The link is placed in a question-answering system, and a browser installed in a computer can be automatically applied to open a remote access server website by clicking the link, so that the browser can enter a neo4j database for storing an industry chain knowledge map.
The user may enter a user name (Username): neo4j and Password (Password): neo4j may enter the database and perform queries, updates, etc. on the database.

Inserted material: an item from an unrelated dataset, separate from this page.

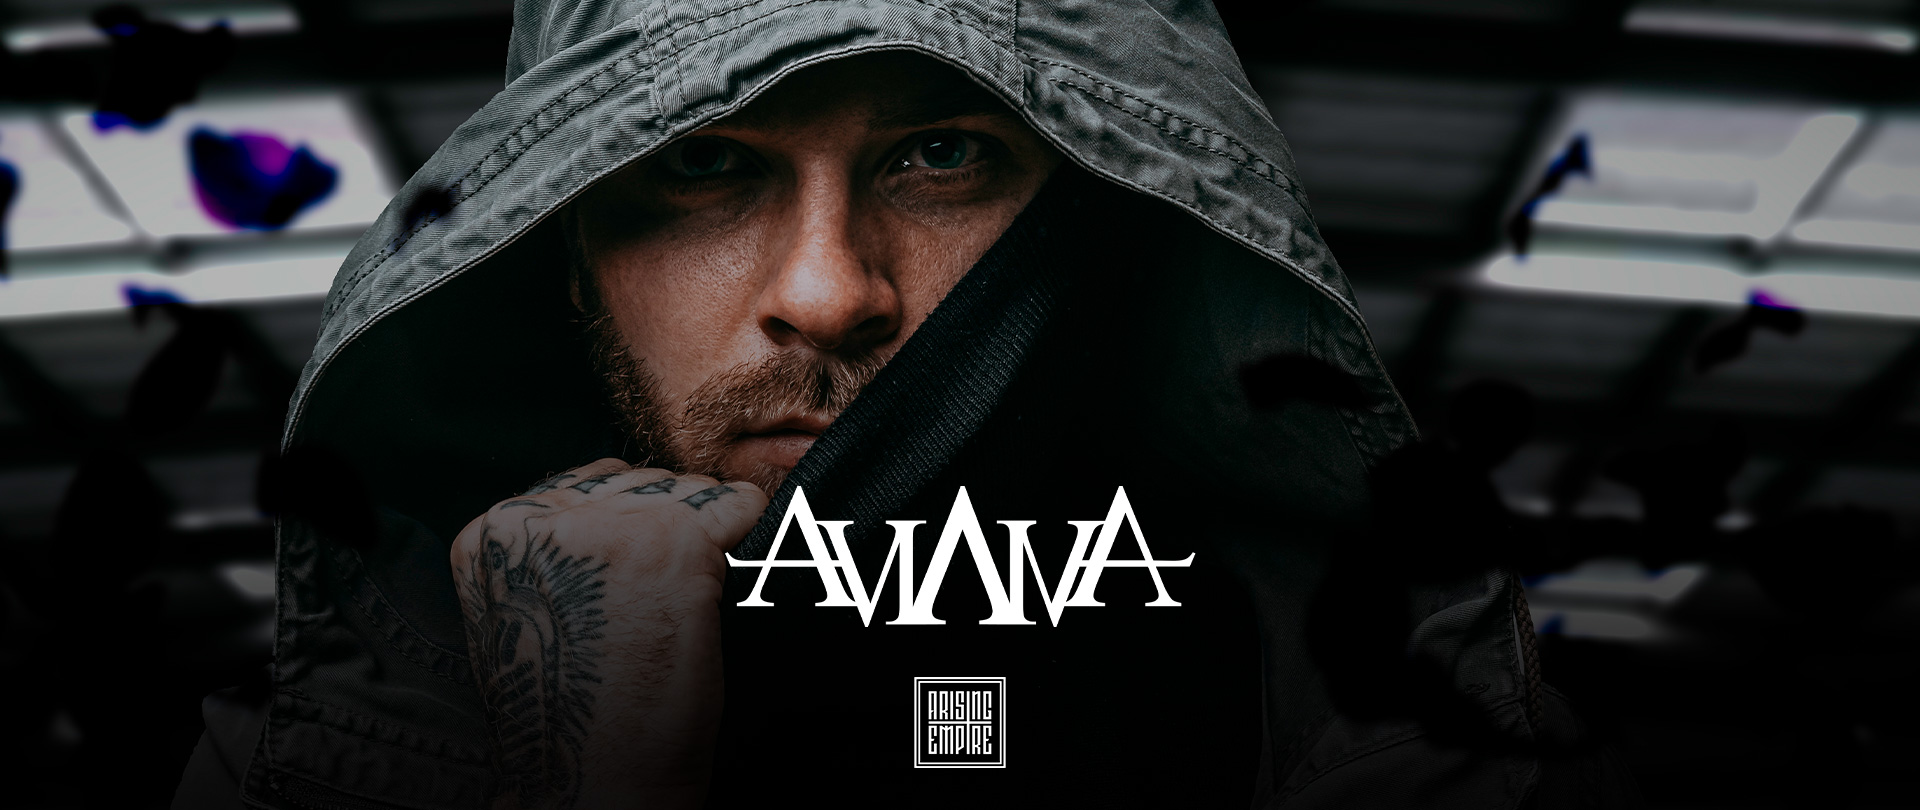 Aviana at Arising Empire • Offizieller Online Shop

For example, we query the node "road renovation industry pedigree in the field" to the node "agricultural preparation industry pedigree".
It should be understood that the natural resource industry chain intelligent question answering accurately positions the question knowledge required by the user in a question-answer mode, and provides personalized information service for the user through interaction with the website user.

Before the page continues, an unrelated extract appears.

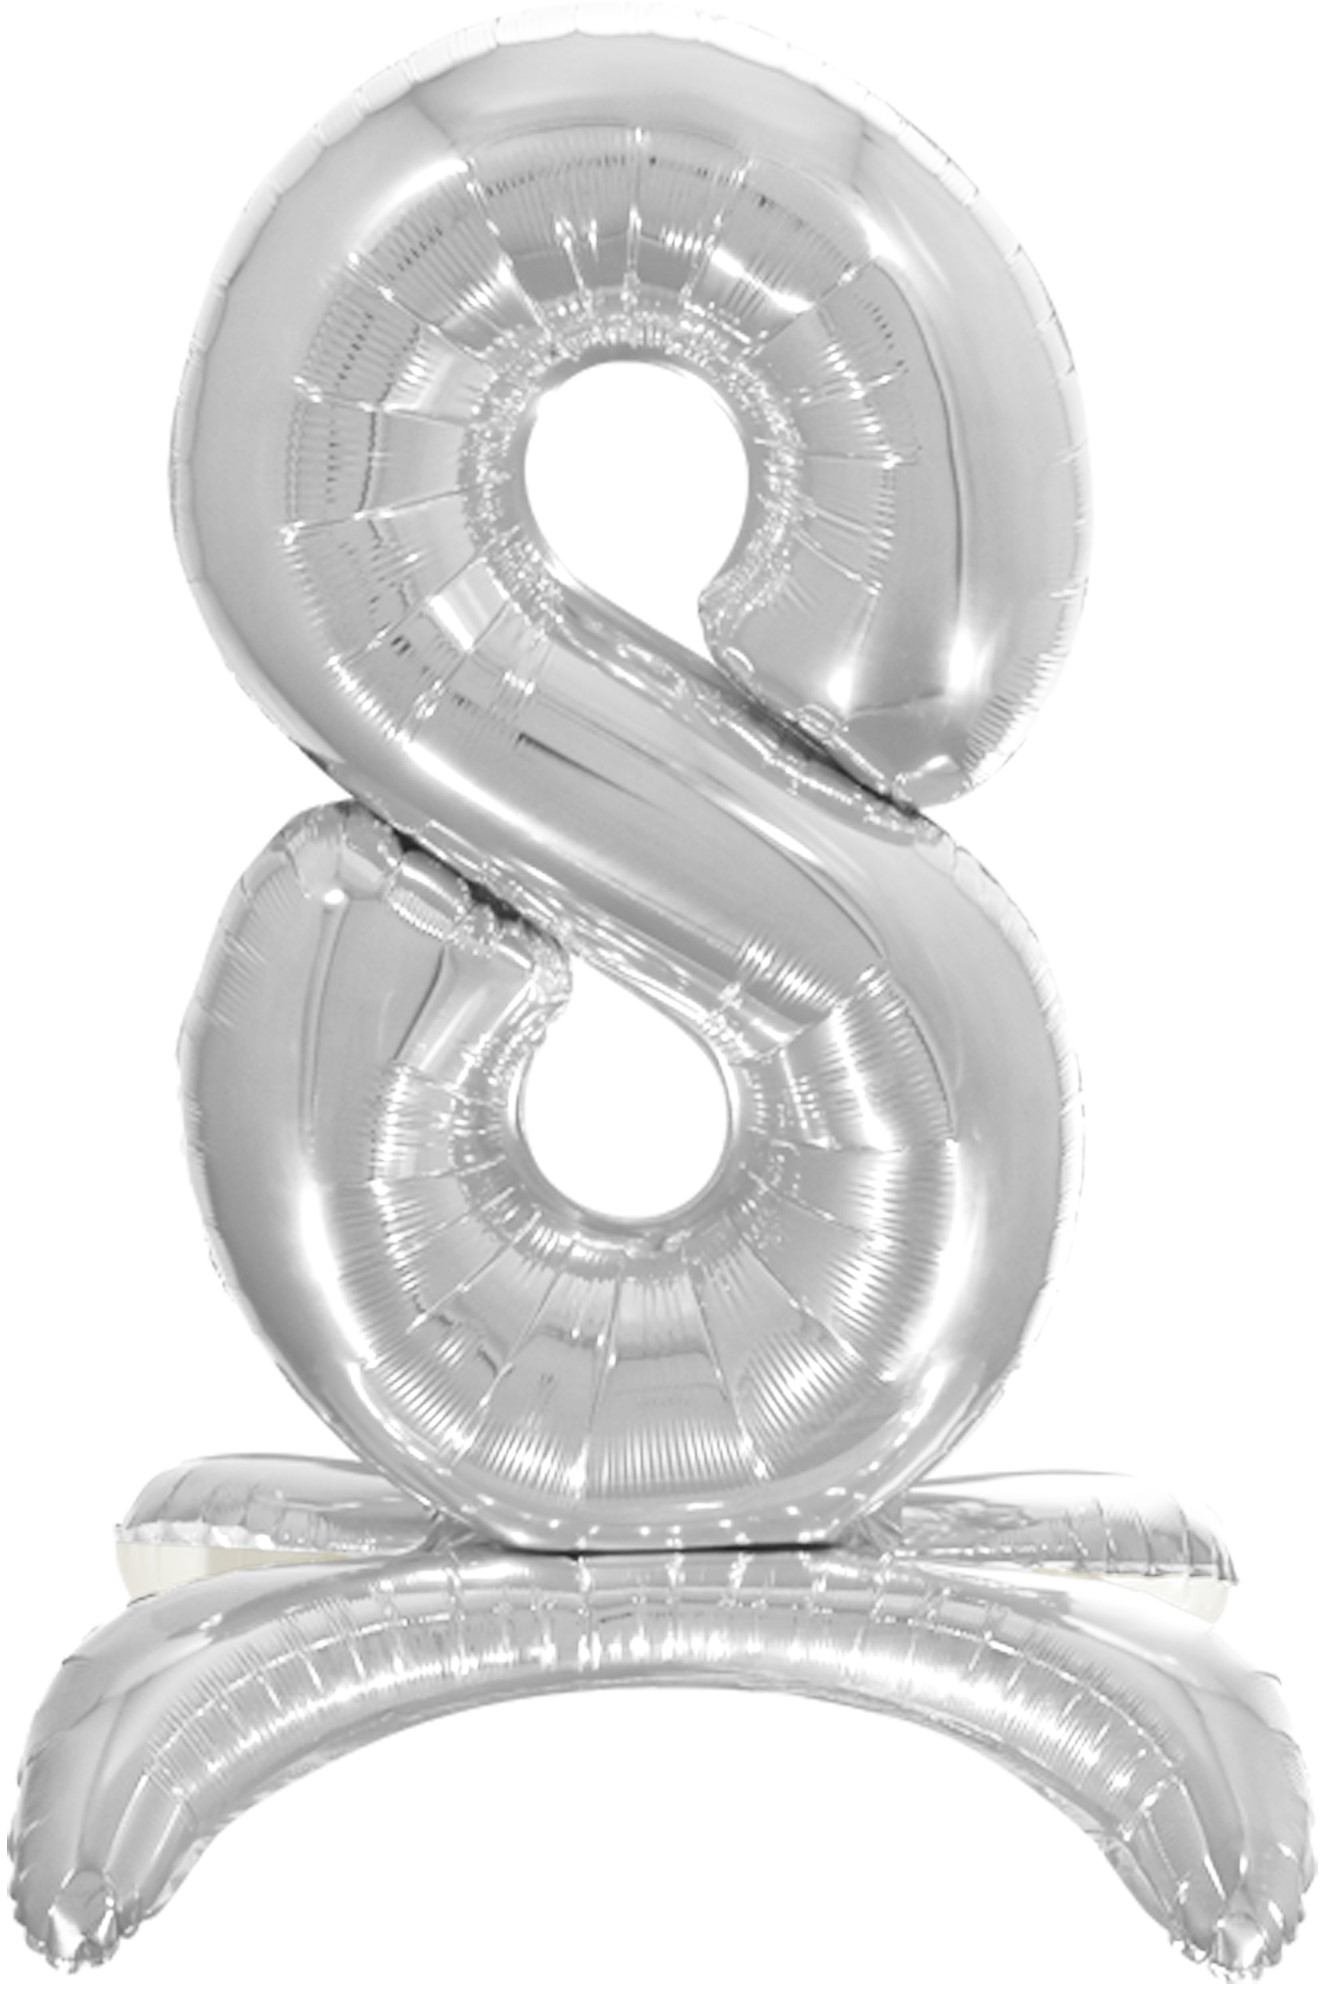 Шар (32''/81 см) Цифра под воздух 8 на подставке Серебро Falali

The present invention is based on the Python 3.9 platform and is described in MySQL 5.1.22, Navicat Premium 15,
Figure 953785DEST_PATH_IMAGE019
3.4.3, apache-jena-4.4.0, apache-jena-fuseki-4.4.0, neo4j-community-4.2.7 and ontop-cli-4.2.0. The technical scheme uses the user to input the problem on the interactive interface, which typical cases of the domestic agricultural and rural big data industry exist
Figure 828200DEST_PATH_IMAGE020
For example, firstly, a user logs in a natural resource industry chain question-answering system interface at a client, and inputs a question to be proposed in a dialog box, wherein the question is the typical case of the domestic agricultural rural big data industry
Figure 408217DEST_PATH_IMAGE021
After the system receives the natural language question, the system uses HanLP to perform word segmentation and part-of-speech tagging on the question, matches the obtained keywords 'big agricultural and rural data' and 'typical case' with a predefined question template, uses a matching algorithm to send a query request to an apache-jena-fuseki server by a SPARQL query sentence corresponding to the question template with the highest matching degree, and feeds a query result back to a front-end query interface after the server receives the query request.

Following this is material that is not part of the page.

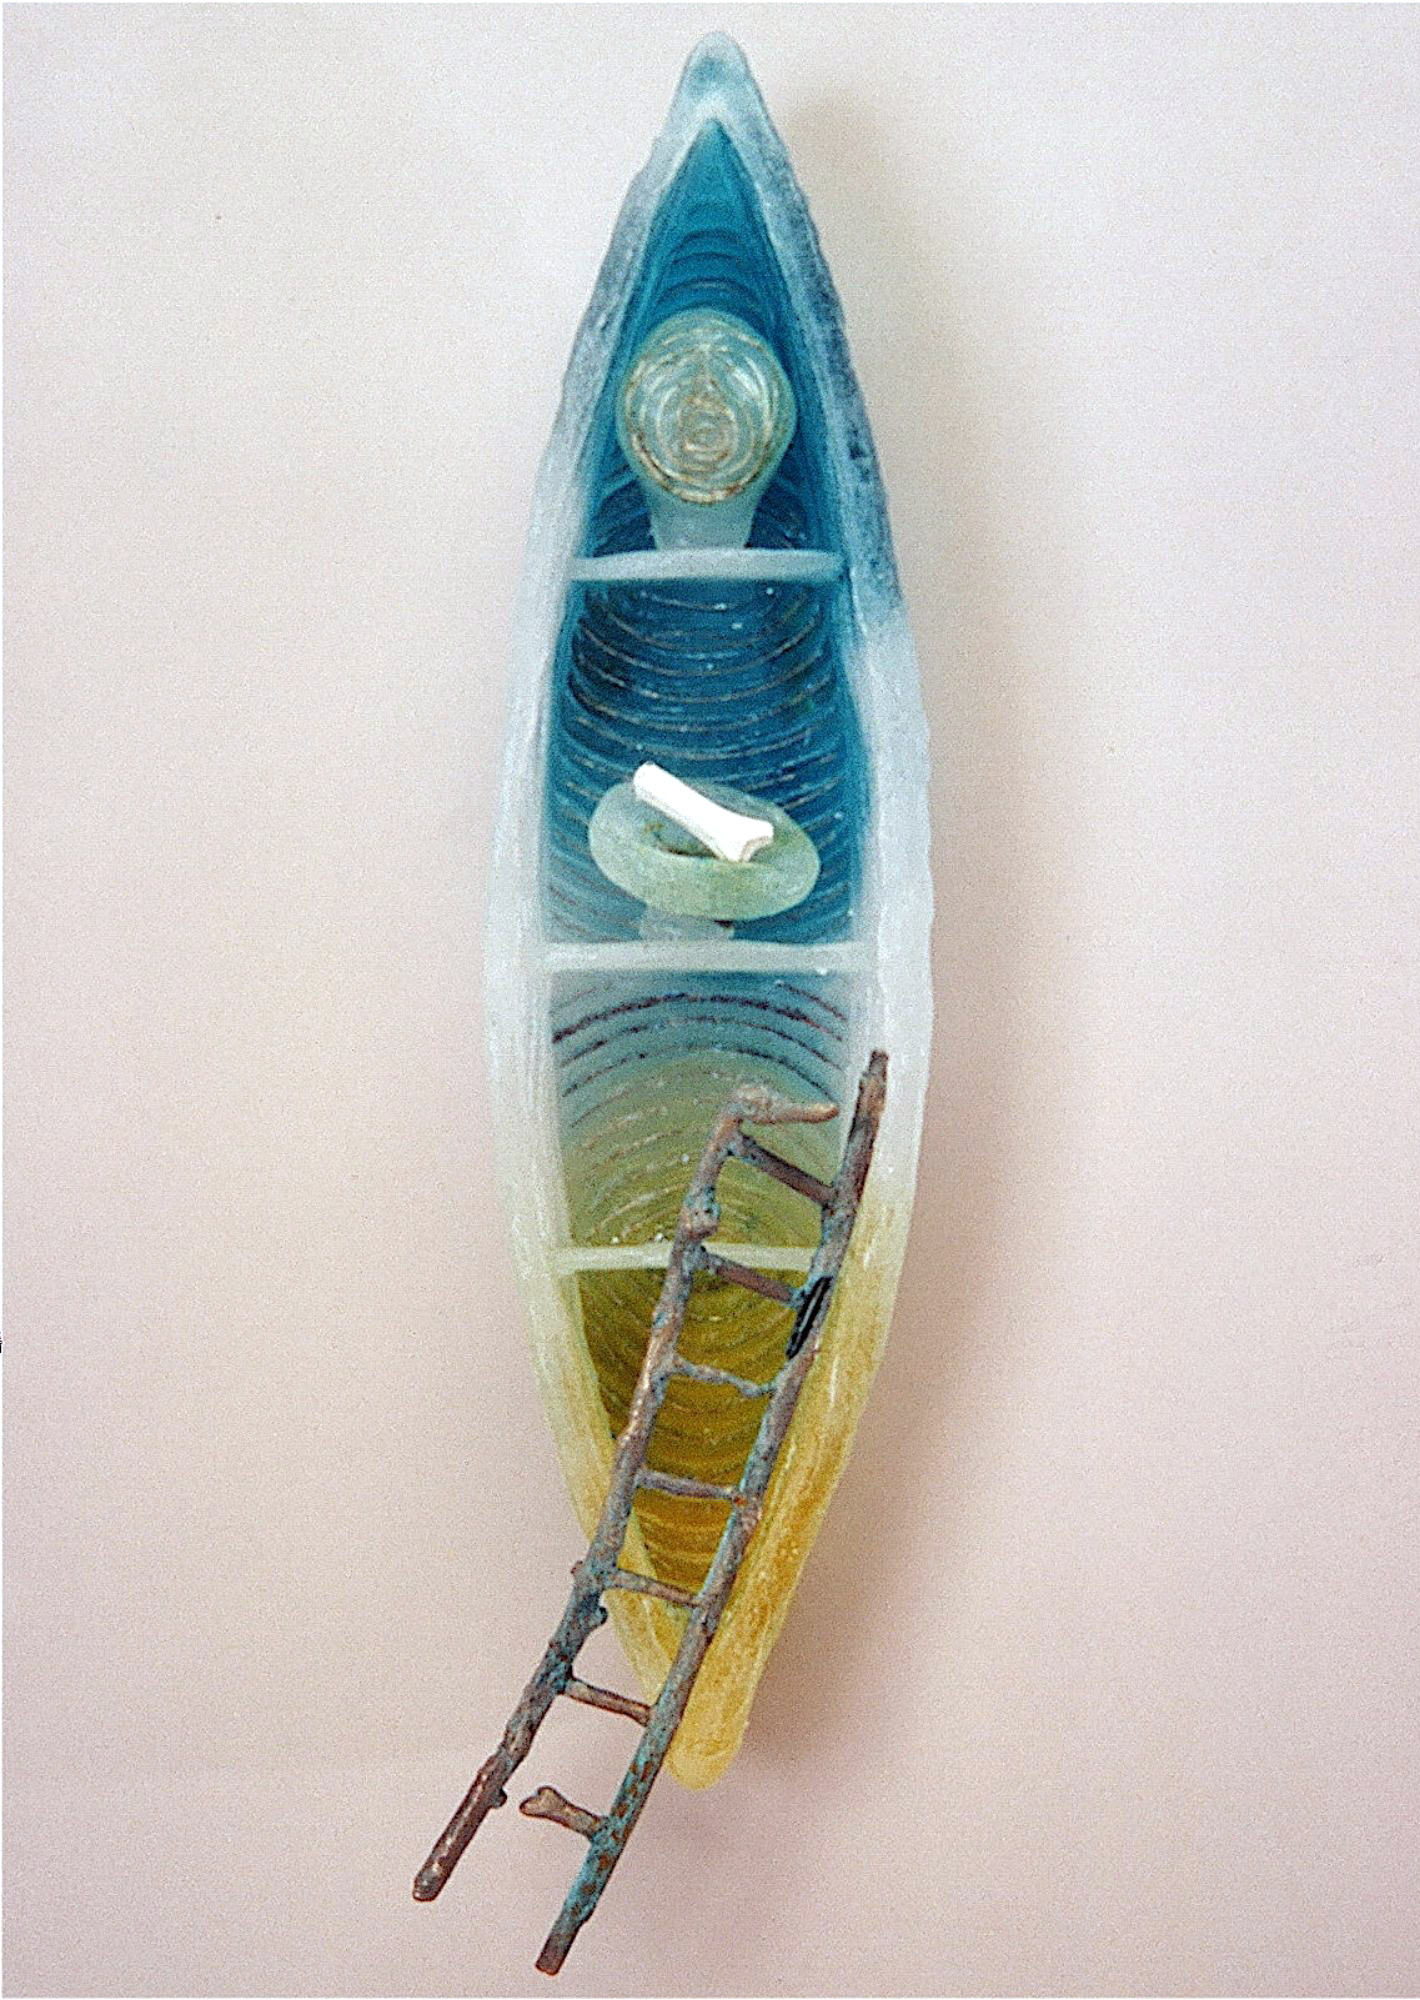 judeglass soul vessel ladder cast glass art

For the information of the upstream and downstream industrial chains of the natural resource industry, which is combed by the data mining technology, the invention describes and visualizes the industrial chain knowledge resources by using the knowledge graph in the artificial intelligence field, simultaneously analyzes and mines the mutual relation among the knowledge in the industrial chain knowledge graph, and constructs an intelligent question-answering system in the natural resource industrial chain field, thereby helping enterprises of companies to determine the competitive relation of all links of the natural resource industry, analyze the classification of important natural resources, the upstream and downstream industrial chain relation and the industrial ecosystem, and perfect the investment mode and the investment layout strategy of the natural resources.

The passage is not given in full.